# Hello Turi



## tosh (Feb 10, 2012)

just wanted to congratulate you and Marcus on your forthcoming wedding. Sorry to hear about the work situation but glad you've secured a new job.

Mitzi was one yesterday - for the life of me I can't figure how to post pics of her via my iPad!


----------



## Janev1000 (Oct 4, 2011)

Hi Tosh

Would love to see some pics of Mitzi. Have you tried loading pics onto photo bucket? I can do this from my Macbook but not sure about the ipad! x


----------



## MillieDog (Jun 1, 2011)

Oh Tosh, do try and upload some photos' I'd love to see Mitzi.
Maybe as the weather improves we can think about a a group meet up.


----------



## tosh (Feb 10, 2012)

Janev1000 said:


> Hi Tosh
> 
> Would love to see some pics of Mitzi. Have you tried loading pics onto photo bucket? I can do this from my Macbook but not sure about the ipad! x


I'll try from my mac - is anyone obsessed as I am taking endless pics! Mitzi as you'll hopefully see gets rather fed up with mummy making her pose!


----------



## dmgalley (Aug 19, 2012)

tosh said:


> I'll try from my mac - is anyone obsessed as I am taking endless pics! Mitzi as you'll hopefully see gets rather fed up with mummy making her pose!


I swear I have more pictures of Jake than I do of my kids. (of course there were no camera phones back then)


----------



## Turi (Jun 28, 2011)

tosh said:


> just wanted to congratulate you and Marcus on your forthcoming wedding. Sorry to hear about the work situation but glad you've secured a new job.
> 
> Mitzi was one yesterday - for the life of me I can't figure how to post pics of her via my iPad!


Hi Tosh! 

I don't know how I missed this post... you must have thought I was so rude not to reply, sorry! 

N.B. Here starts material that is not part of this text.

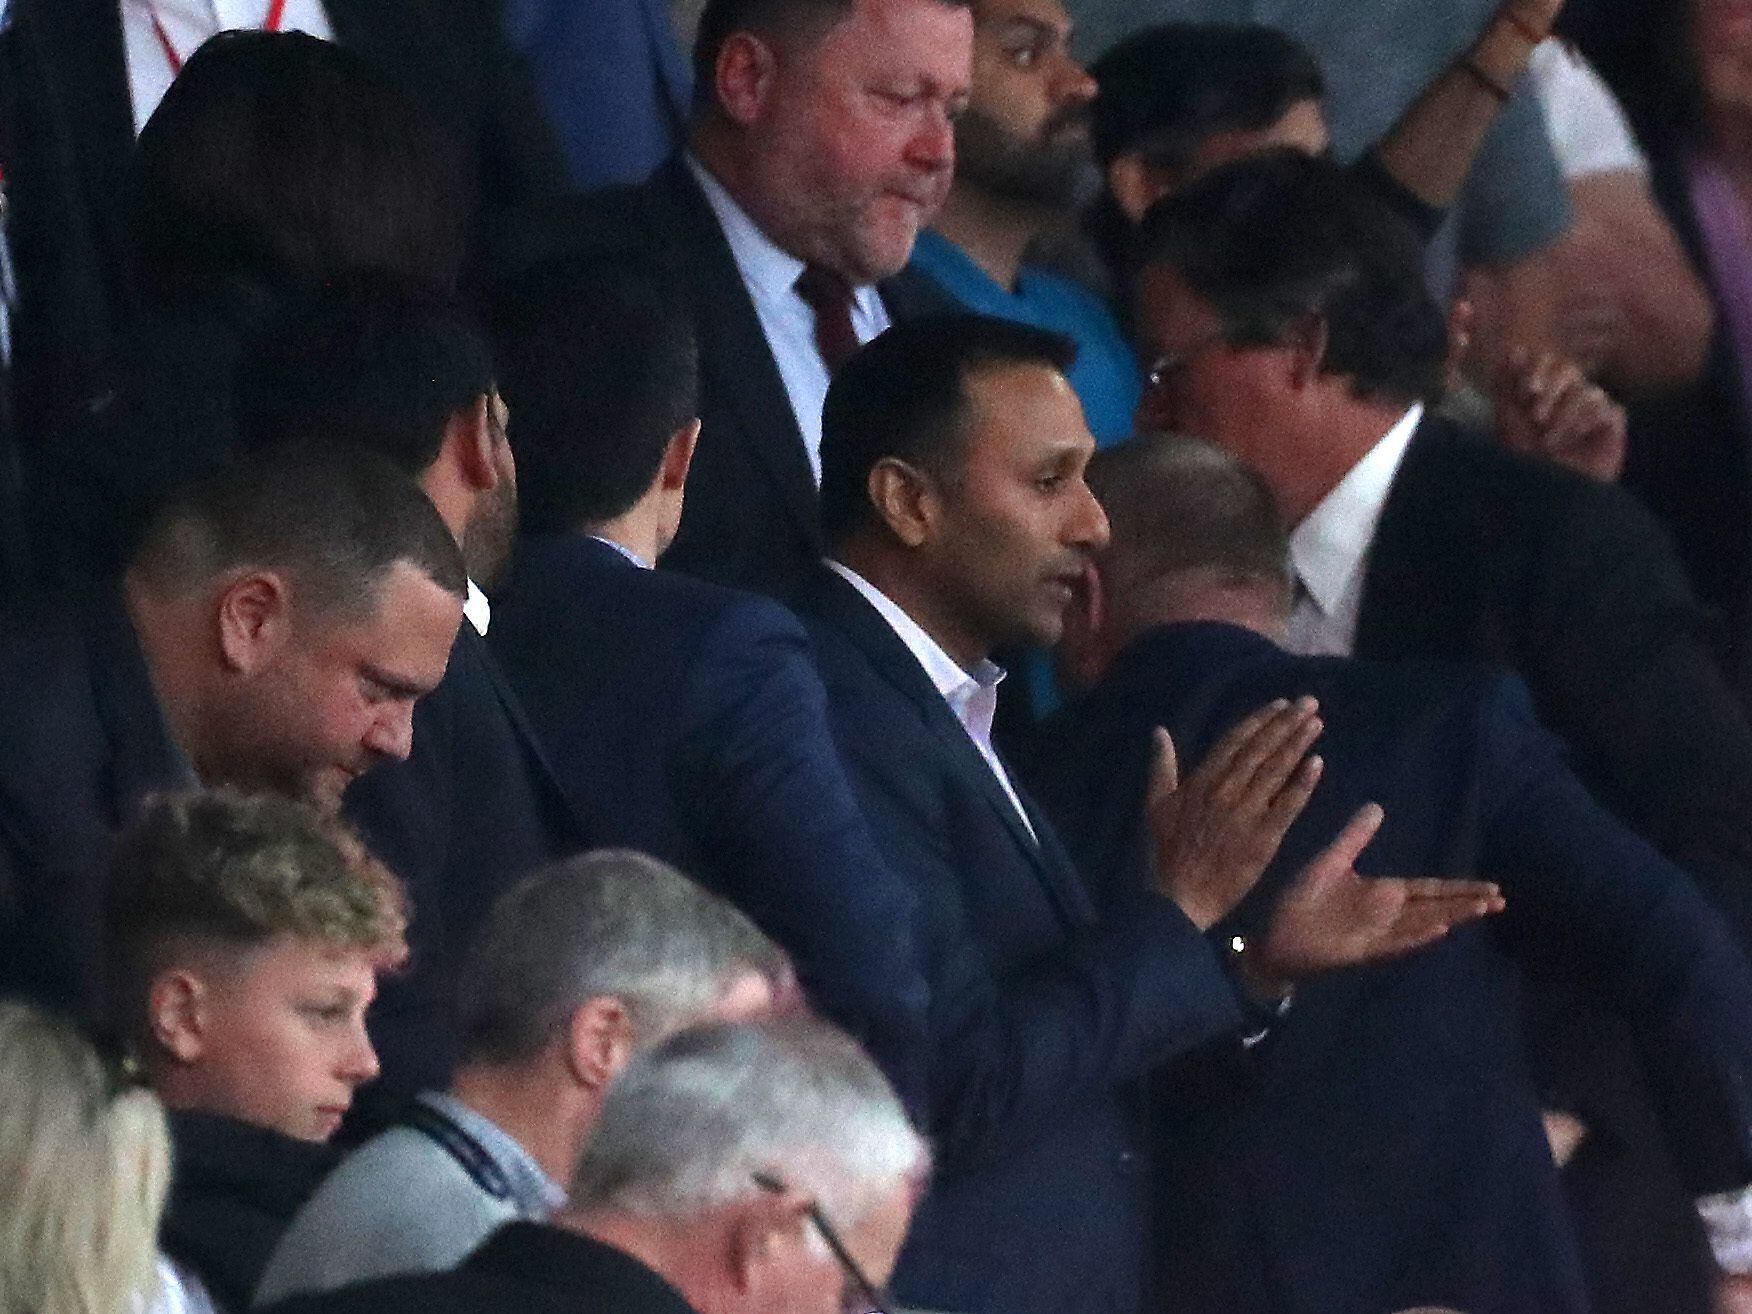 Why Shilen Patel brings comfort to West Brom fans after play-off heartbreak
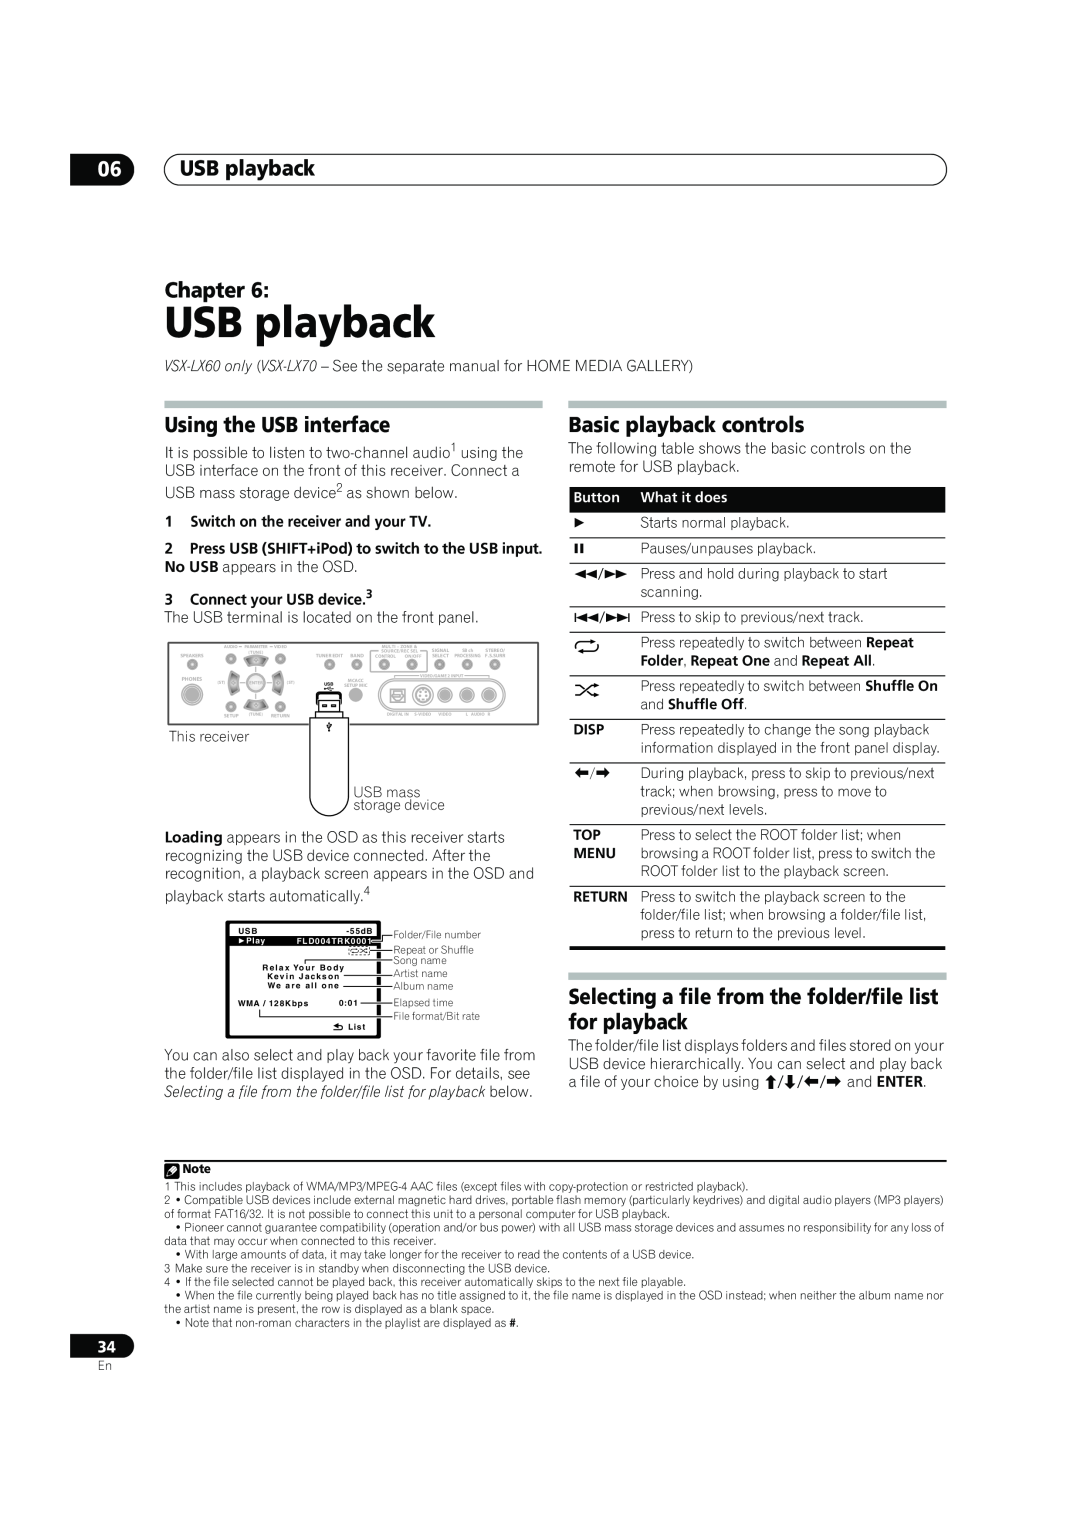 Pioneer VSX-LX60 06USB playback Chapter, Using the USB interface, Basic playback controls, Button What it does

Thank you for your congratulations - Marcus and I are now really impatient and cannot wait to be hubby and wifey! 

Losing my job was so stressful but I have a maternity cover role now which I'm really enjoying . Life goes in swings and roundabouts doesn't it?!

How is gorgeous Mitzi? I'd love to see a picture of her


----------



## tosh (Feb 10, 2012)

No problem Turi. You've got a lot on - all very exciting stuff. I'll post pics of mitzi very soon. We're off to Rome for a few days so will do it once back.


----------